I first fell in love with Emma-Lee Moss’ music after hearing her track ‘Atoms’ online. The subject of the song is a break up between a girl who is “wrapped up in her books” and her partner. However, despite conventional themes of loss and heartbreak, ‘Atoms’ defies categorisation as a typical love song. By surprising the listener with images of ‘planets’ and ‘ancestors in monkey costumes’, Emmy the Great announces herself as a comical lyricist in addition to her vocal talent. It’s fair to say I was intrigued. Having subsequently listened to her albums First Love (2009) and Virtue (2011), I jumped at the chance to review her performance at Leeds’ Belgrave Music Hall, following the release of her latest album Second Love (2016).

Support act O Karmina warmed up the audience with her angelic voice and humility. Despite her great talent, she expressed delight at the chance to perform her tracks in front of a crowd, instead of alone in her bedroom. Singing without the accompaniment of a band, O Karmina allowed her vocal ability to shine. In the closing song of her set, ‘The Hunt’, she layered multiple samples, beginning with a mere beat on the microphone, in order to produce a rich and complex final product.

Leaving the stage with sustained modesty, despite enthusiastic applause, O Karmina set a high standard for the evening which was undoubtedly maintained. Emmy the Great opened with a song from Virtue, ‘Dinosaur Sex’, before playing some of her new material. With songs from the newly released Second Love, Emma revealed a new cool and highly polished sound. Most notably, the songs ‘Swimming Pool’, ‘Algorithm’ and ‘Phoenixes’ exemplified a shift in style for the artist. Yet, she made sure to play some old favourites, like ‘We Almost Had a Baby’, to which the audience responded well. Emma interspersed her eclectic songs with suitably eclectic anecdotes about Hong Kong, S Club 7, and Joaquin Phoenix, making no effort to disguise her kookiness, and encouraging us to enjoy ourselves, “It’s vodka Wednesday!”

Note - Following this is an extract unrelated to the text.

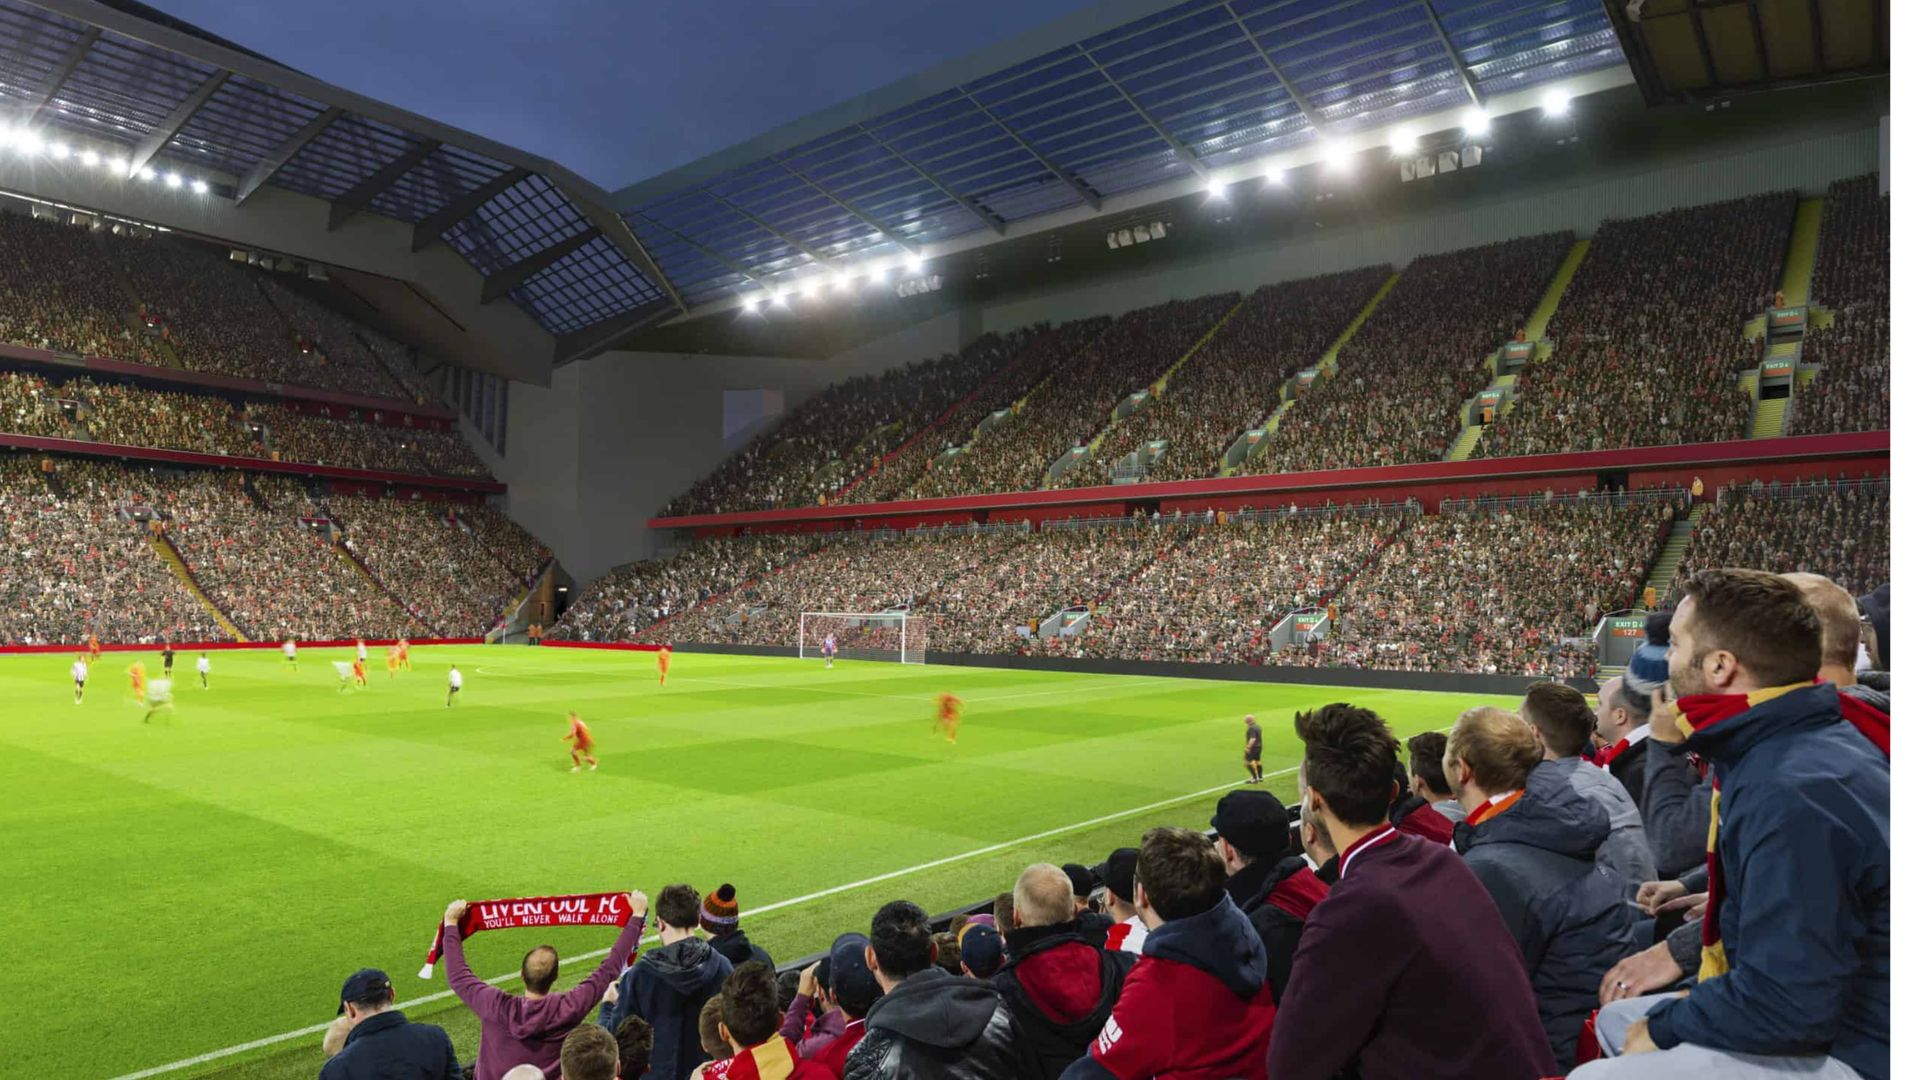 How much could Anfield Road End difficulties cost Liverpool and FSG?
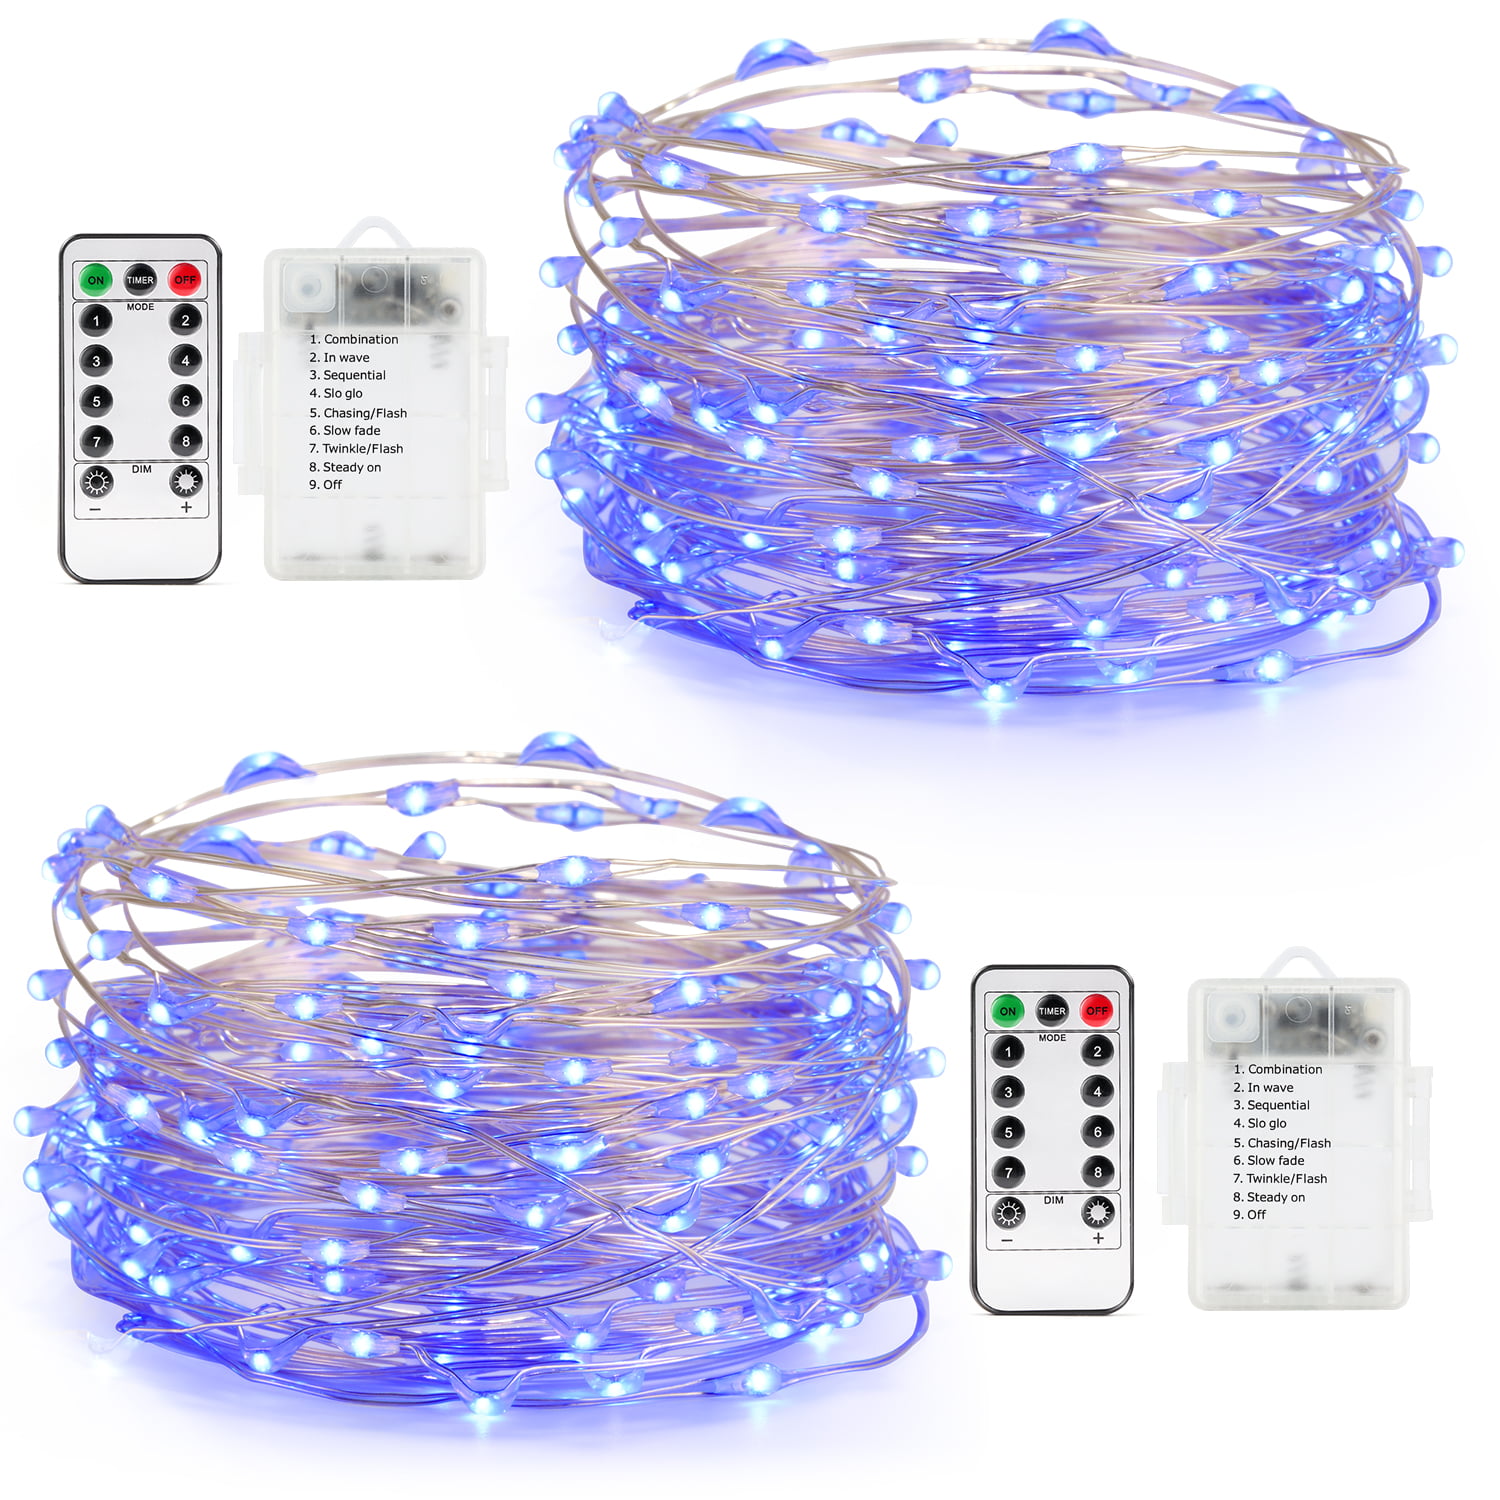 Kohree String Lights Christmas Lights Copper Wire Fairy Lights Remote Control Timer Battery Operated Waterproof 100 LED 33FT Firefly Lights for Bedroom Wedding Festival Décor 2 Packs

After promising that she would play one more song, Emma soon returned to the stage without her band for an encore. She played several audience requests, alone, with only the accompaniment of her guitar. Personally, I believe that this was the highlight of the night. Without any other distractions, Moss’ talent was undeniable. Although she called on the audience to help her out, warning us that she might have forgotten the songs that were requested, she played and sang beautifully. Her closing song ‘Paper Forest’ was absolutely breath-taking. Having proved that she can do it all, from stripped back acoustics to high production tracks, Emma-Lee Moss has established herself as a worthy front-runner in the music industry and I hope that she gains the recognition she deserves.